The senators, Ron Wyden of Oregon and Martin Heinrich of New Mexico, are both members of the Senate Intelligence Committee. They collectively wrote that “[t]he secret nature of the CIA’s activities described in” a recent CIA “report raise . . . concerns” about the need for “greater transparency” in intelligence gathering techniques and data caches. The senators asserted that “secret interpretations of law undermine democratic oversight and pose risks to the long-term credibility of the Intelligence Community.”
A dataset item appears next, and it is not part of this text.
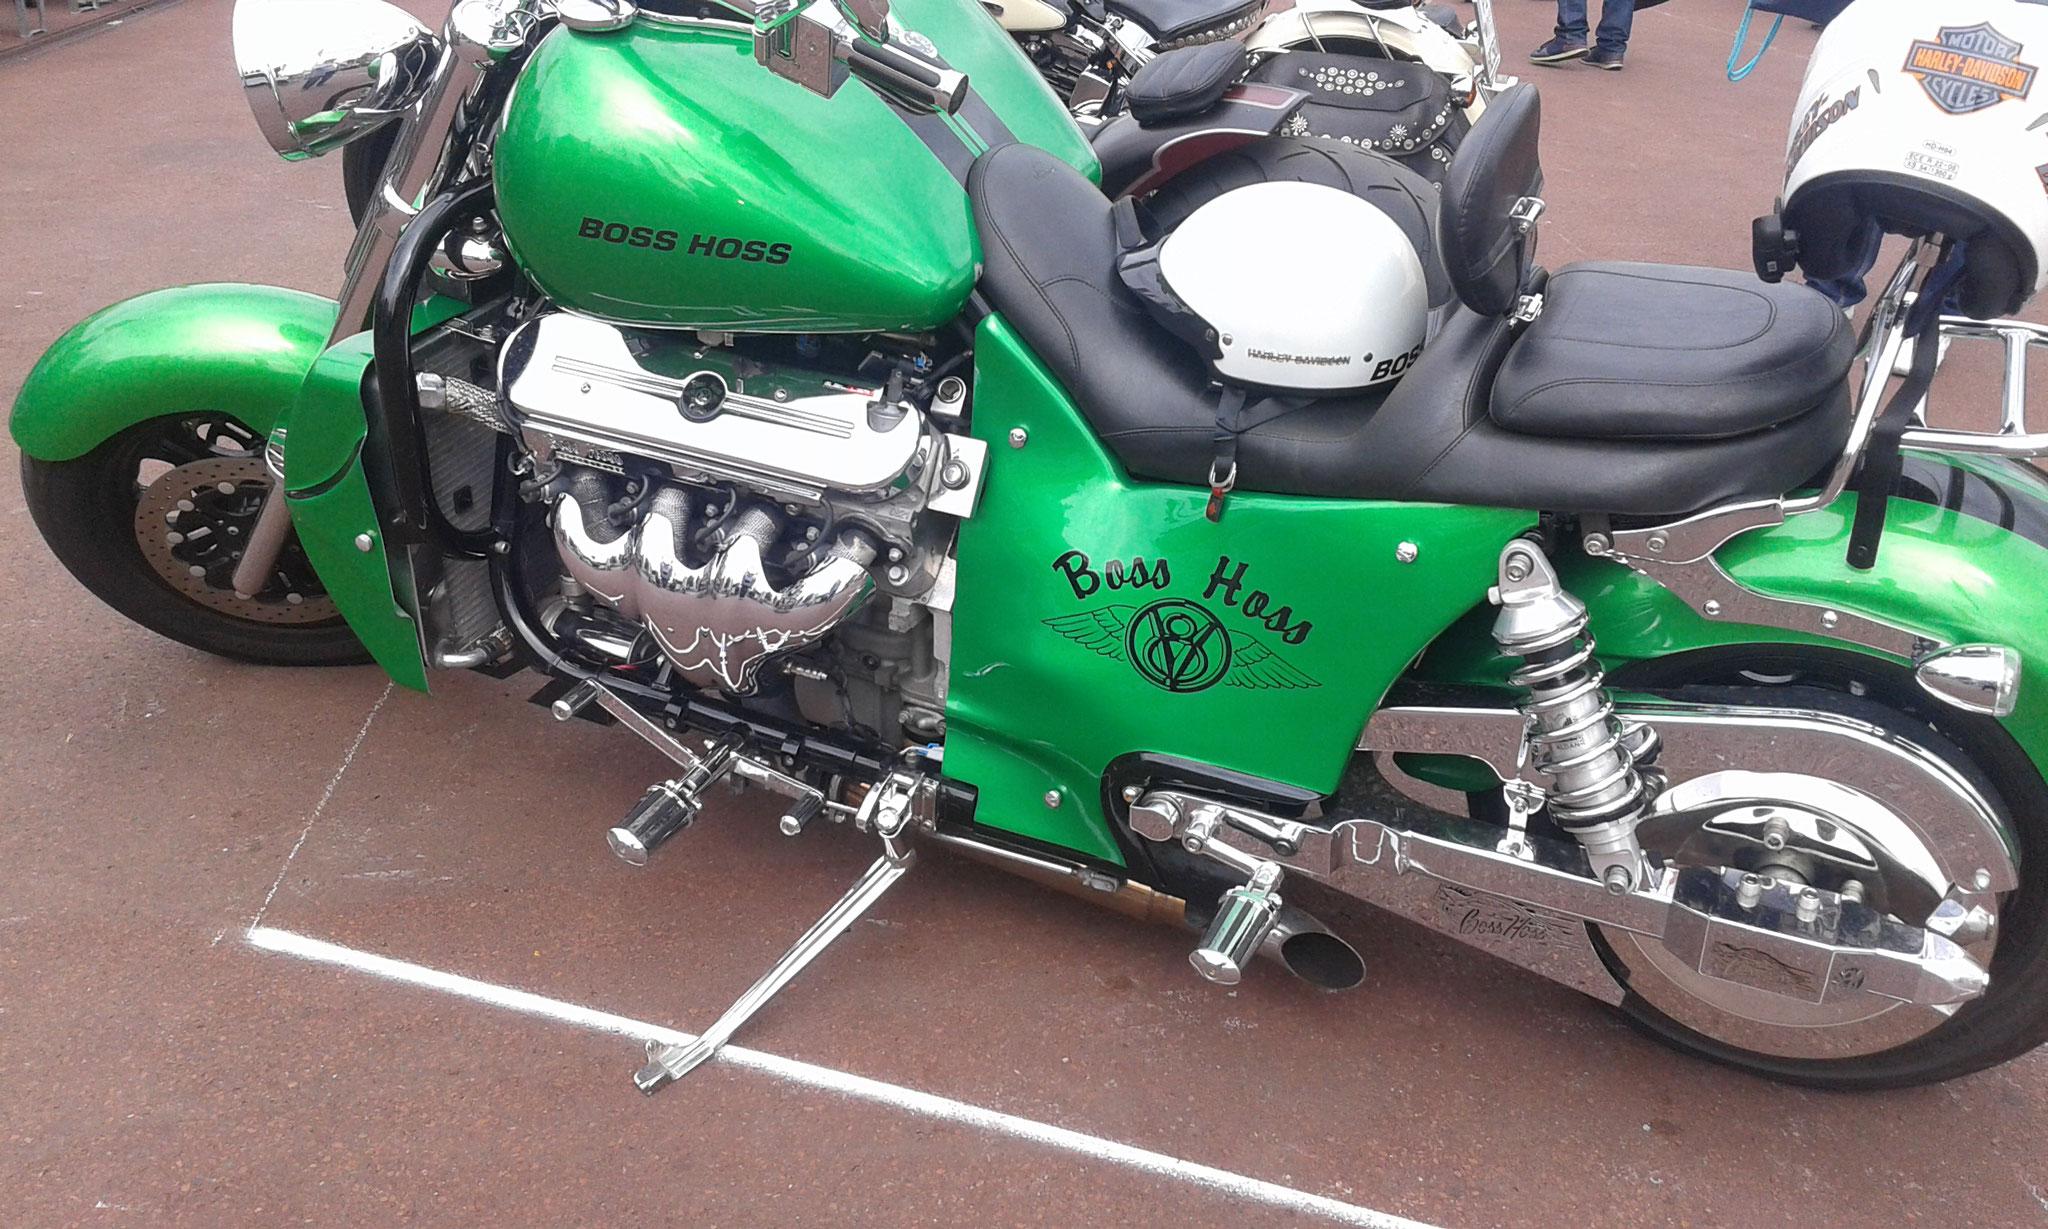 Impressionen Harley Days 2017 Spielbudenplatz Hamburg St. Pauli

The broader CIA report, dubbed the “Executive Order 12333 Central Intelligence Agency Deep Dive II,” was issued by the CIA’s Privacy and Civil Liberties Oversight Board, or PCLOB, in truncated form. The senators are asking for the complete document.

According to a redacted copy of the 71-page CIA report, some of the data swept up by the agency included the financial data of some American citizens. It was snagged in an attempt to unravel the finances of the “Islamic State in Iraq and the Levant, or ISIL— an entity that the State Department has designated as a terrorist organization,” according to the report itself and an Associated Press analysis of it.

“The CIA and National Security Agency have a foreign mission and are generally barred from investigating Americans or U.S. businesses,” the AP explained in broad terms. “But the spy agencies’ sprawling collection of foreign communications often snares Americans’ messages and data incidentally.”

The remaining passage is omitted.